The food industry is the worst offender. If I got to the pound shop or the 99p shop or my local newsagent I can buy a 2 litre bottle of milk. If I go to the supermarket I have to have 1.136 litres or 2.272 litres. If I buy tea it's in convenient 125 or 250g packets; coffee comes in 454g packets. Most things are metric, so let's get rid of the anomolies once and for all. While we're at it let's use Joules (or MJ) for energy rather than Calories or kW.hr.
The only two exceptions I'd make in the short term are beer glasses in pubs and glass milk bottles for doorstep deliveries. That's not because I have any objection to drinking a "large" (500ml) or a "small" (300ml) glass of beer, but because I don't want to impose additional costs on publicans and dairies. I'd ban the introduction of new imperial size glasses and bottles except for souvenir shops, home use etc. Wine and spirits are already sold in metric quantities and pubs should switch over for beer when new glasses are needed. Their remaining old glasses can be sold to pubs that wish to remain 'imbeerial' for a bit longer. Something similar could be done for dairies.
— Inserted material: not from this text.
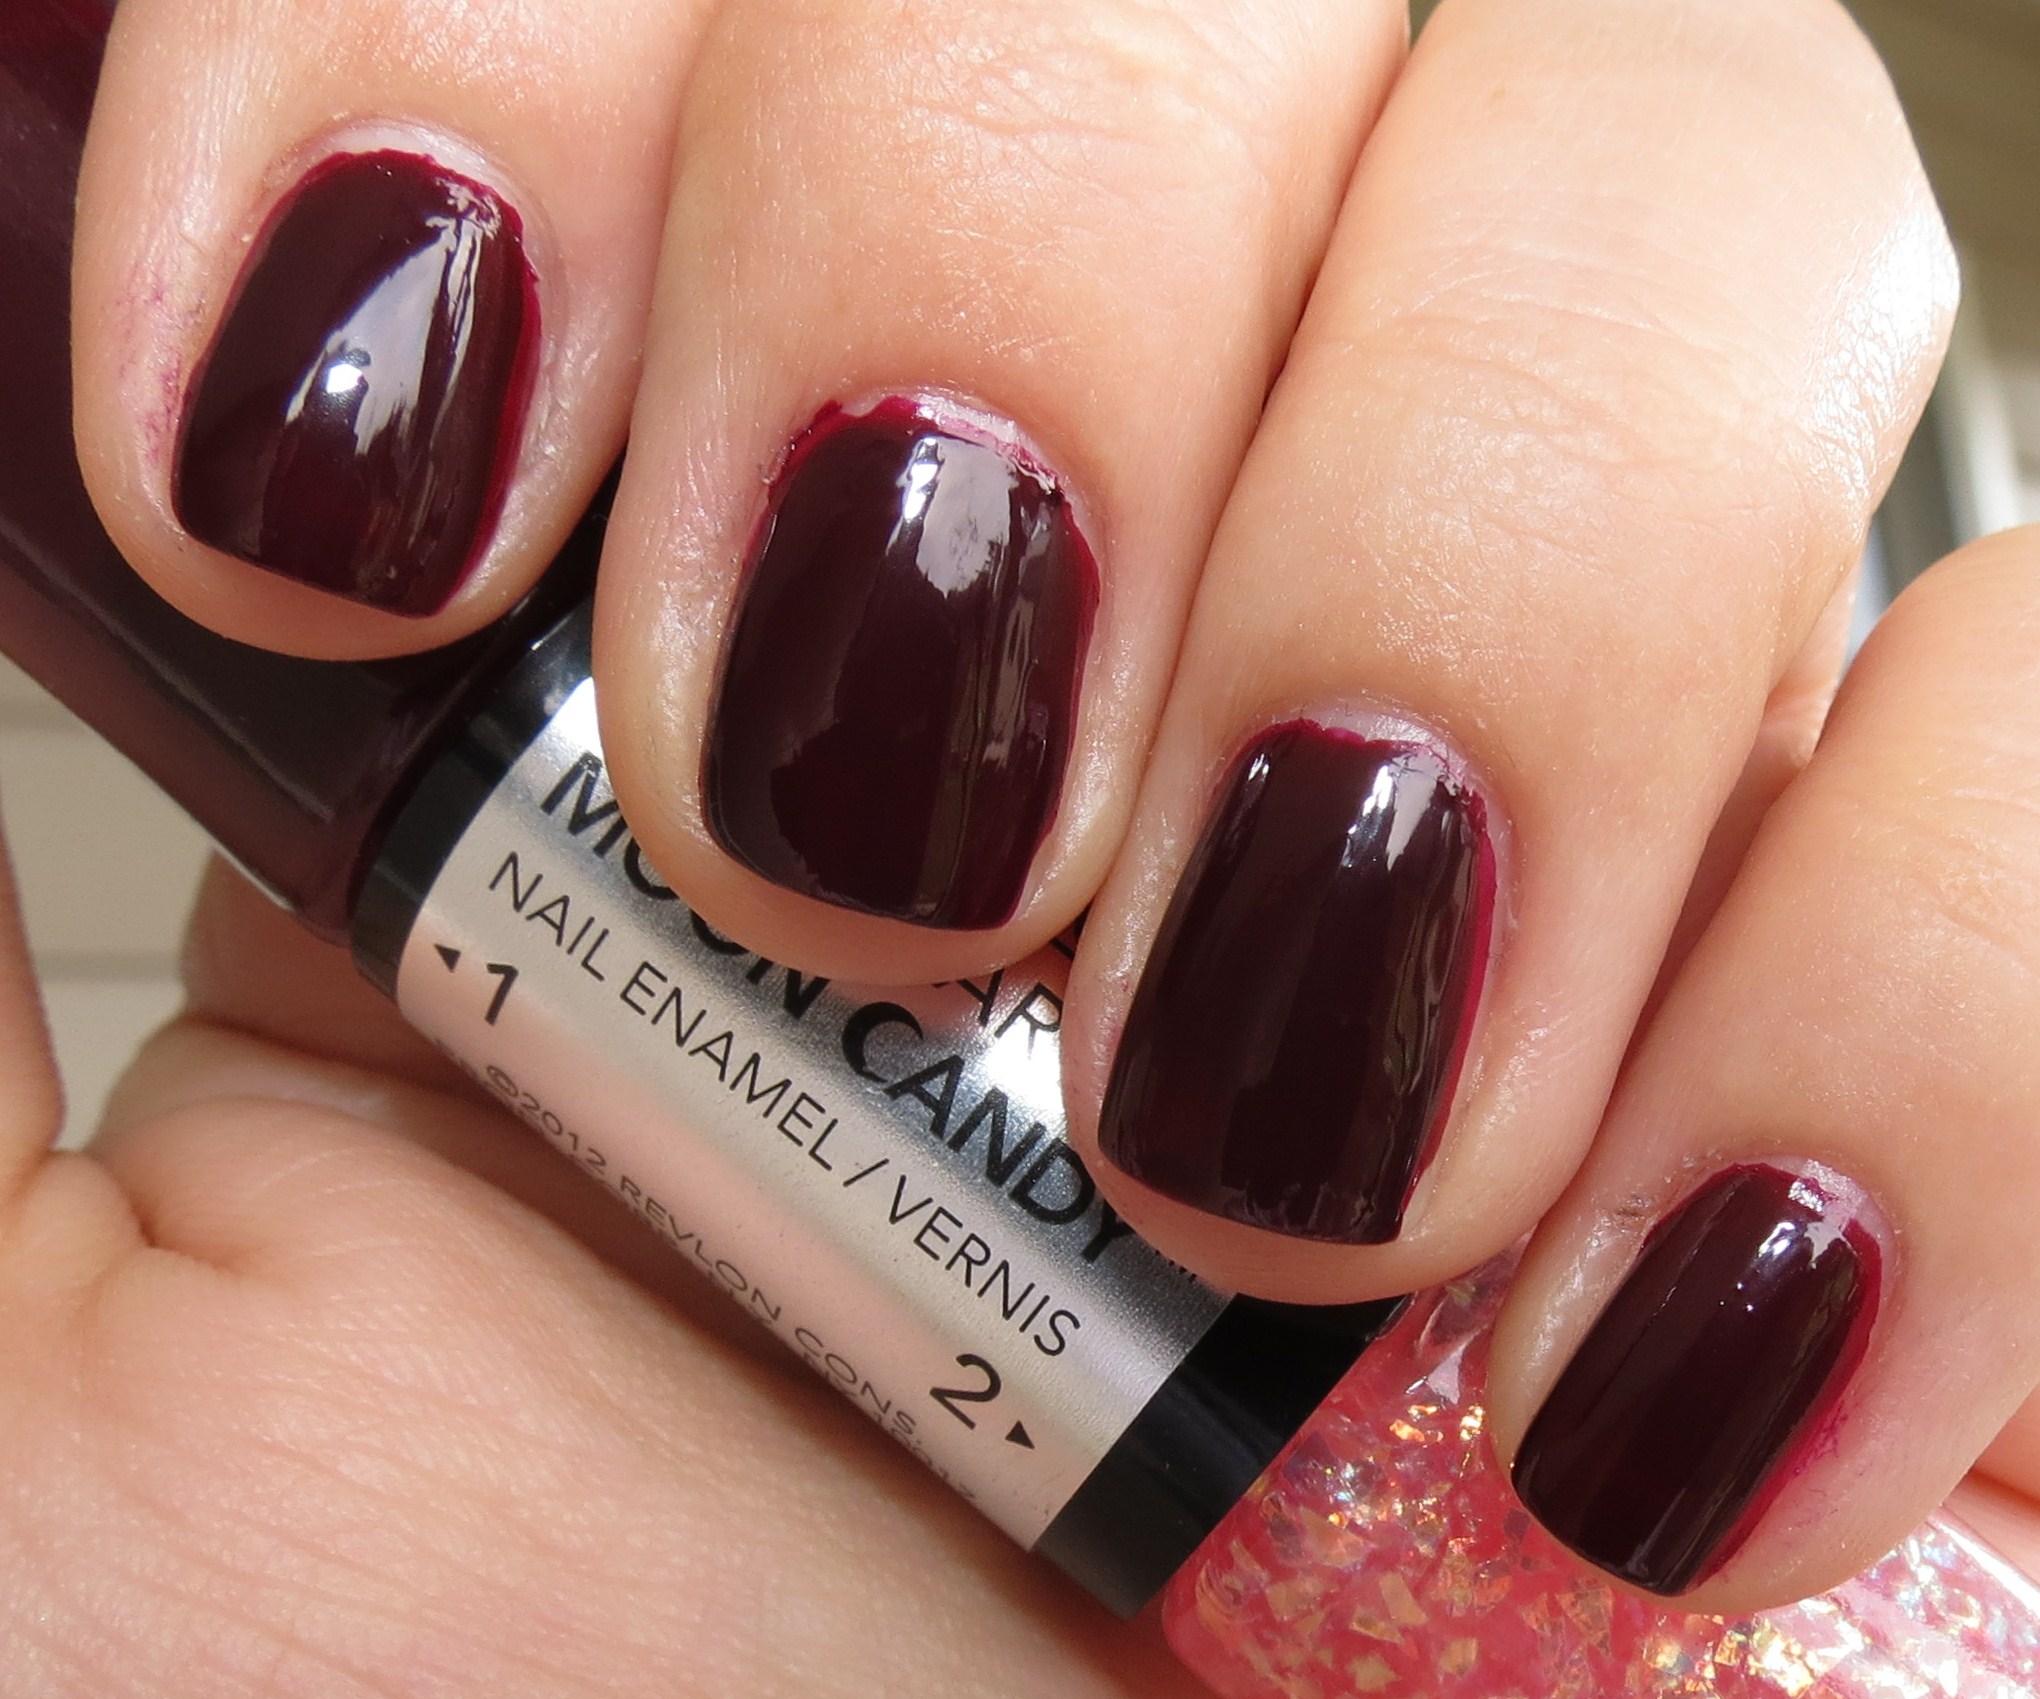 Revlon Satellite Nail Art Moon Candy Nail Enamel Swatches Amp Review Blushing Noir
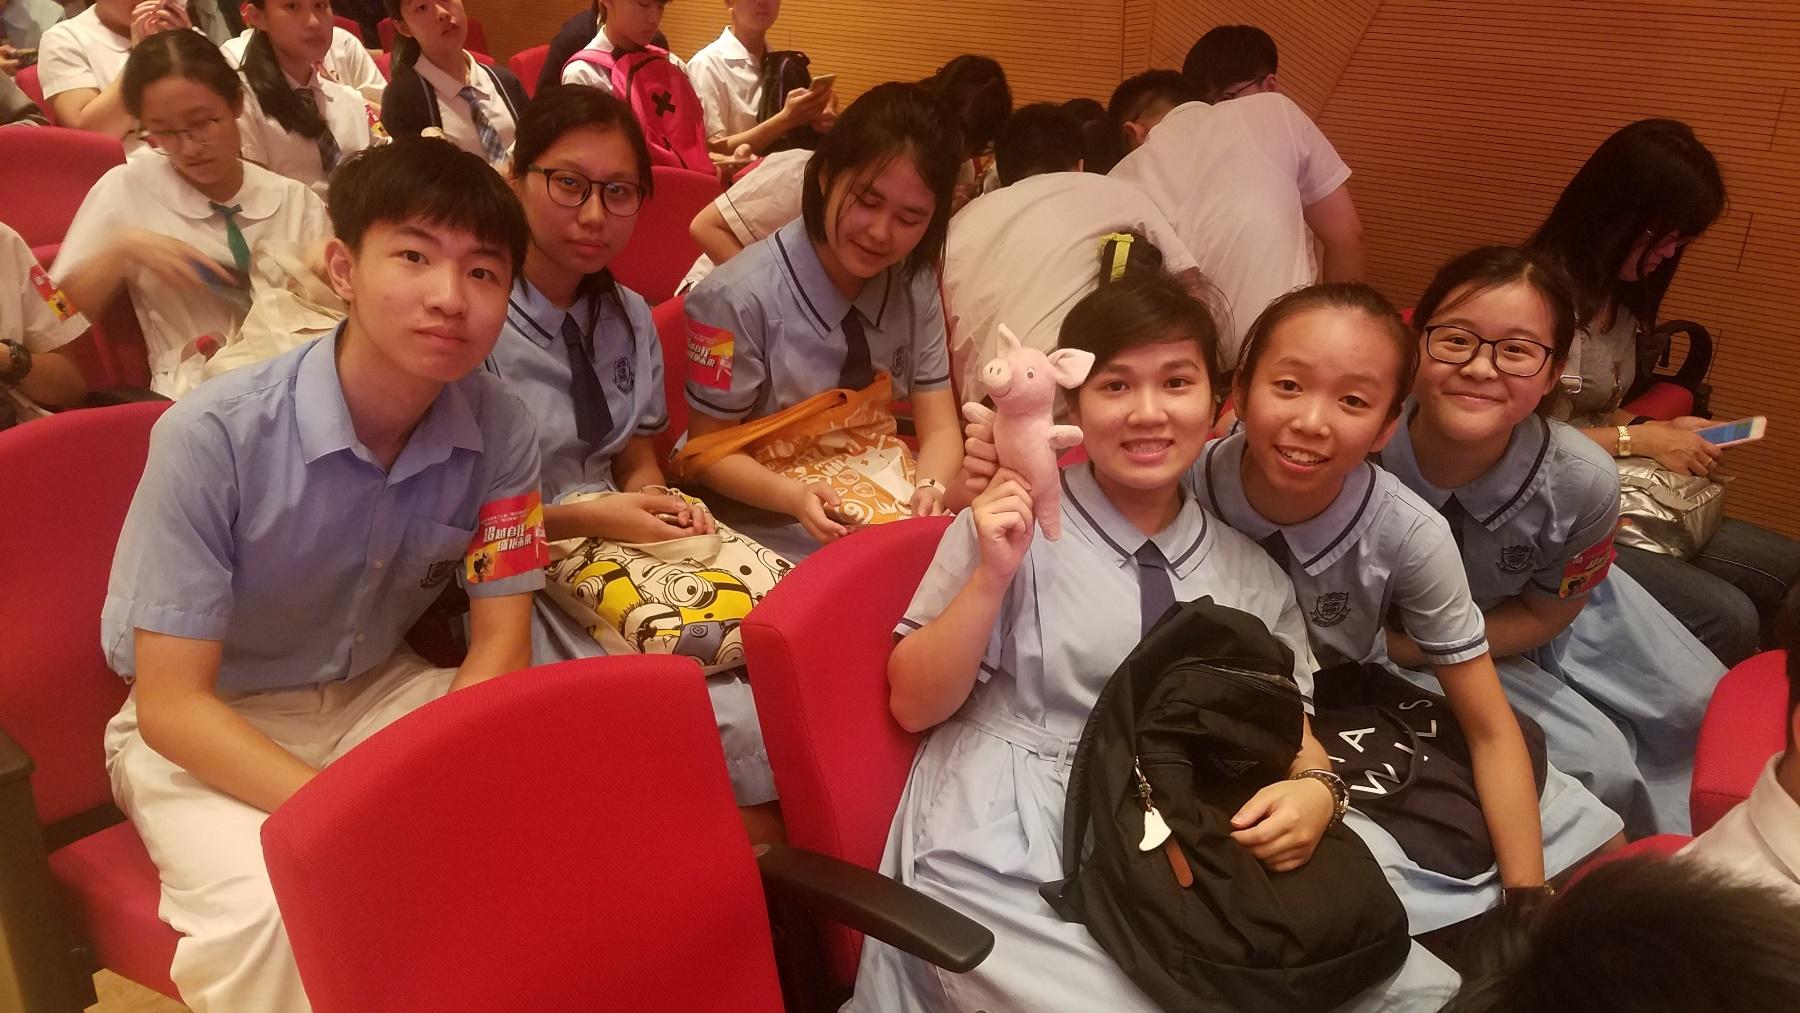 http://www.npc.edu.hk/sites/default/files/20170705_141335.jpg

The government and the media seem to think metric is fine for engineering, commerce, aggriculture, fisheries, construction, ... but not for the general public who are a completely different set of people that can't cope with all this new-fangled stuff. I was taught metric units in school (cgs not SI) and that was 55 years ago. The excuse that we can't handle metric units is just nonsense. We changed to decimal currency in 1971. Who would seriously want to go back to £sd now?